Description
After being turned out by his parents for his disobedience, a Maronite teenager named Khalid scrapes up the funds to emigrate to the United States of America by working as a muleteer. Crossing the Atlantic with his friend Shakib, Khalid sets himself up in New York city as a peddler of counterfeit trinkets “made in the Holy Land.” He quickly loses interest in peddling and develops eccentric philosophical views as he immerses himself in various turn-of-the-century subcultures, including the freethought movement, Bohemianism, and Tammany Hall. Spurred on by his love for his cousin Najma, Khalid returns to his Lebanese hometown, Baalbek, where his iconoclastic philosophy earns him the enmity of the religious and secular authorities.

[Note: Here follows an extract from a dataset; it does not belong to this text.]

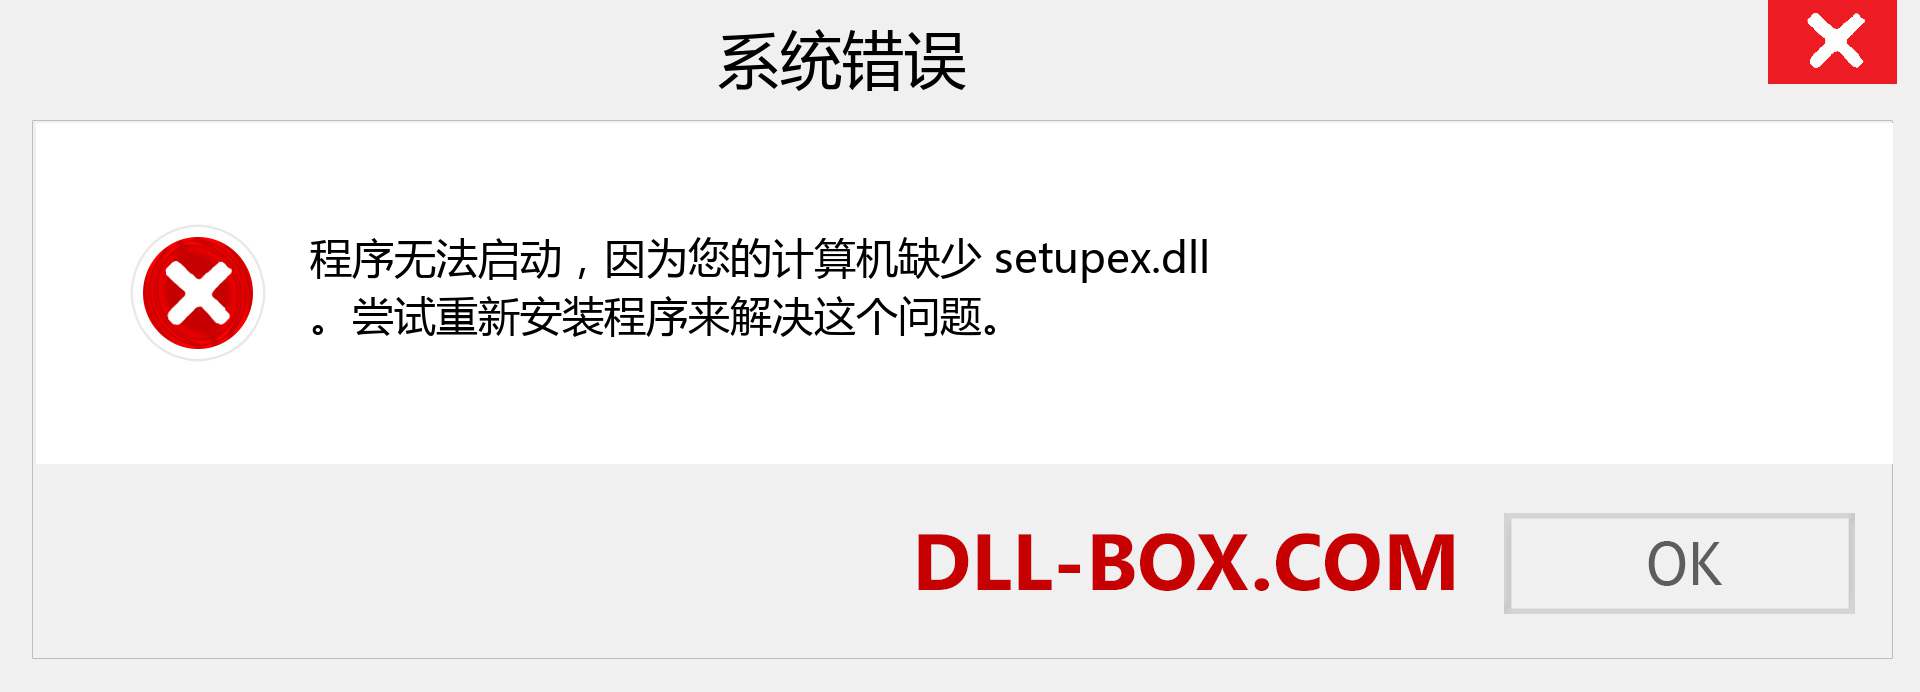 setupex.dll 文件丢失？。 适用于 Windows 7、8、10 的下载 - 修复 Windows、照片、图像上的 setupex dll 丢失错误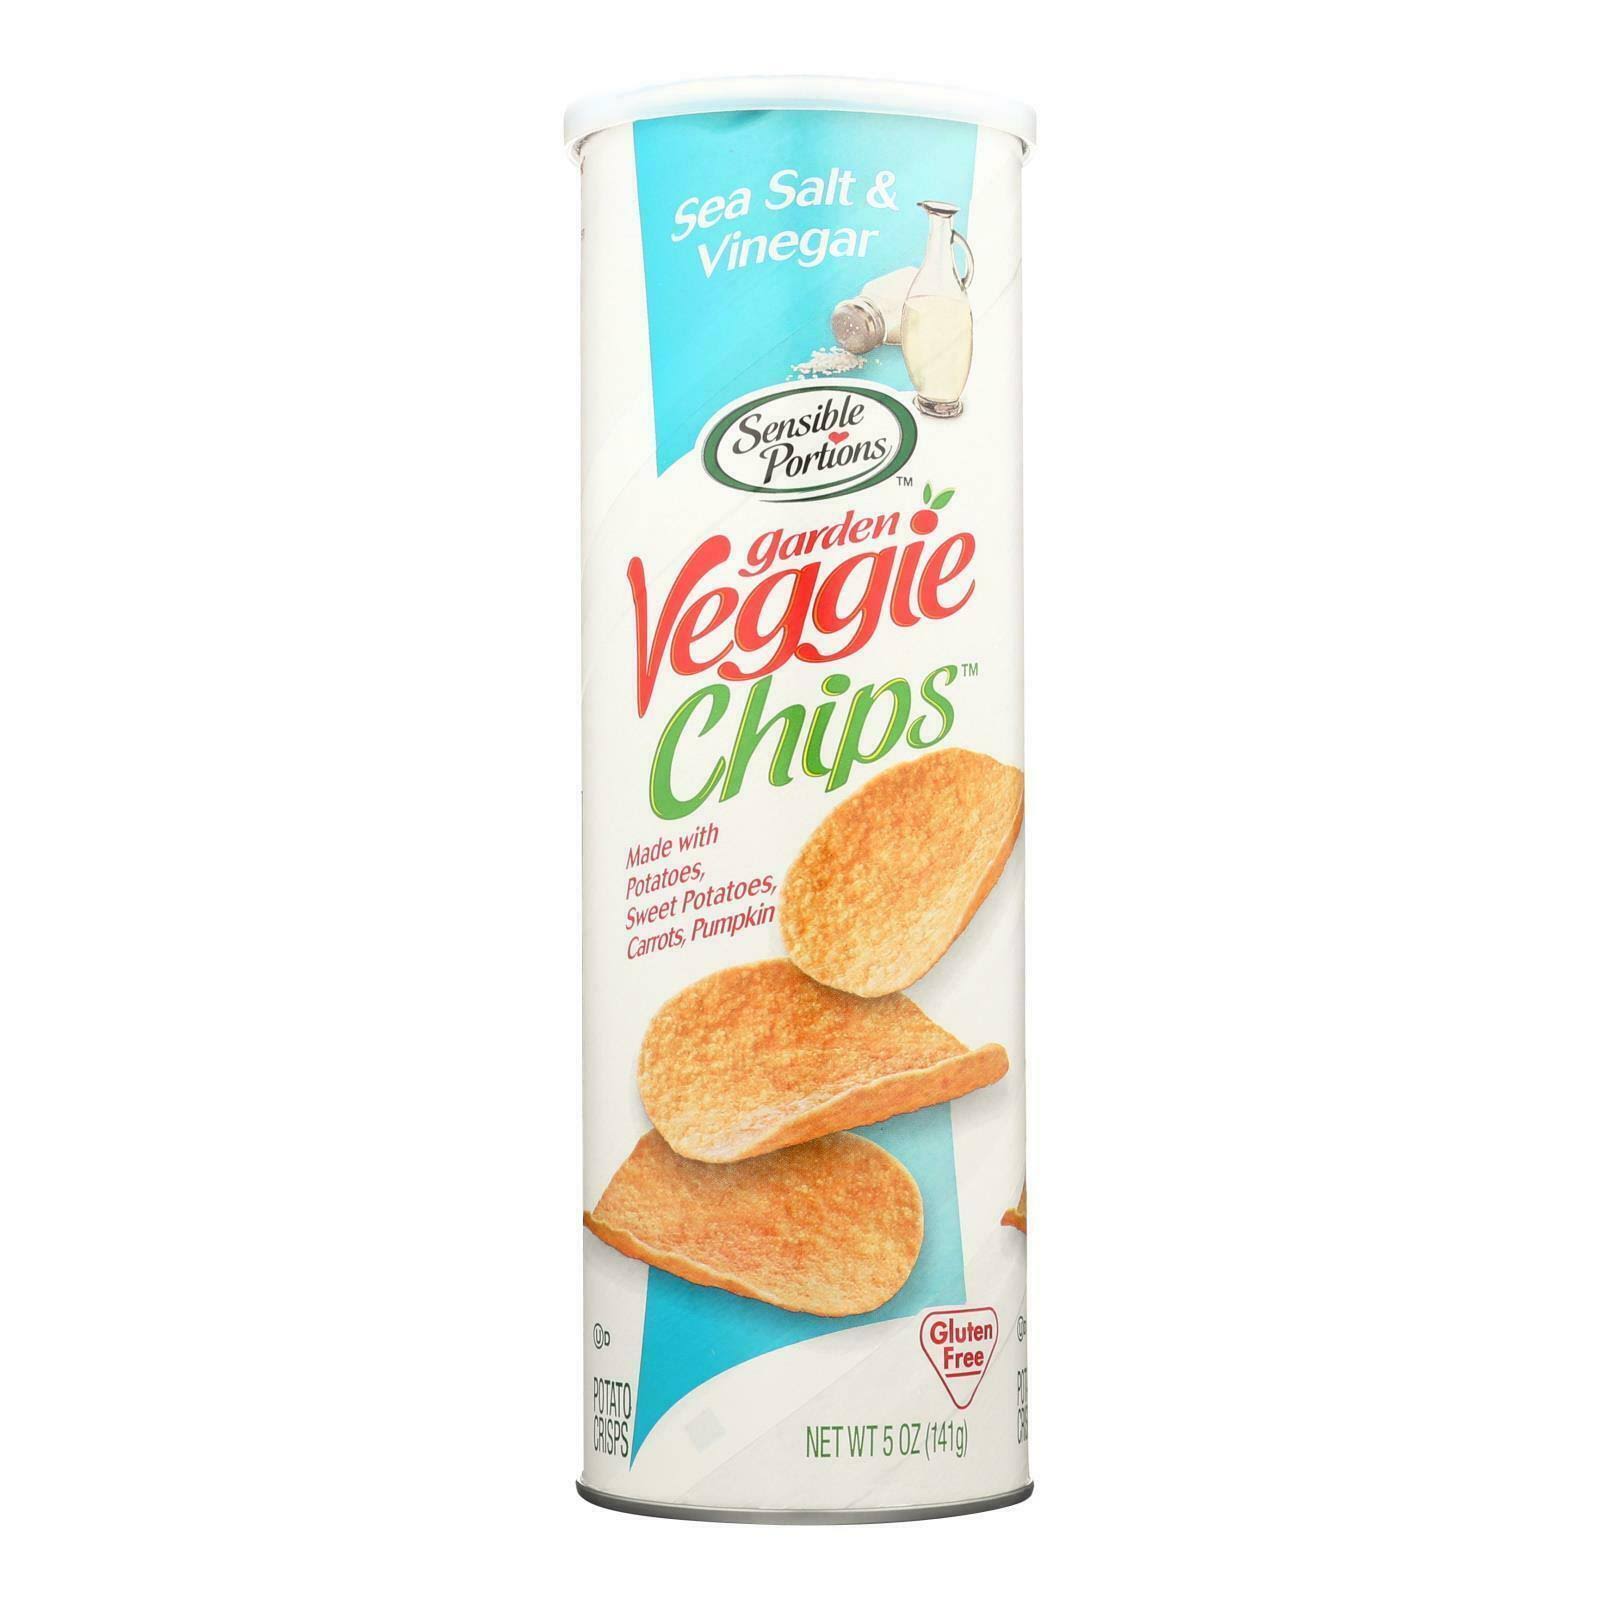 Sensible Portions Gargen Veggie Chips - Sea Salt and Vinegar, 5oz

Becoming an exile in his own homeland, Khalid takes on the mantle of a prophet and develops an eclectic Arab nationalist philosophy that mixes Eastern and Western ideals.
Although it was composed in Lebanon, The Book of Khalid is hailed as the first Arab-American novel. A reflection of Ameen Rihani’s own Arab nationalism, the novel has served as a literary touchpoint between the Arab and American worlds. The 100th anniversary of the novel’s publication coincided with the outbreak of the 2011 Arab Spring protests, which led some commentators to connect the anti-authoritarian Arab protests with Khalid’s revolutionary vision.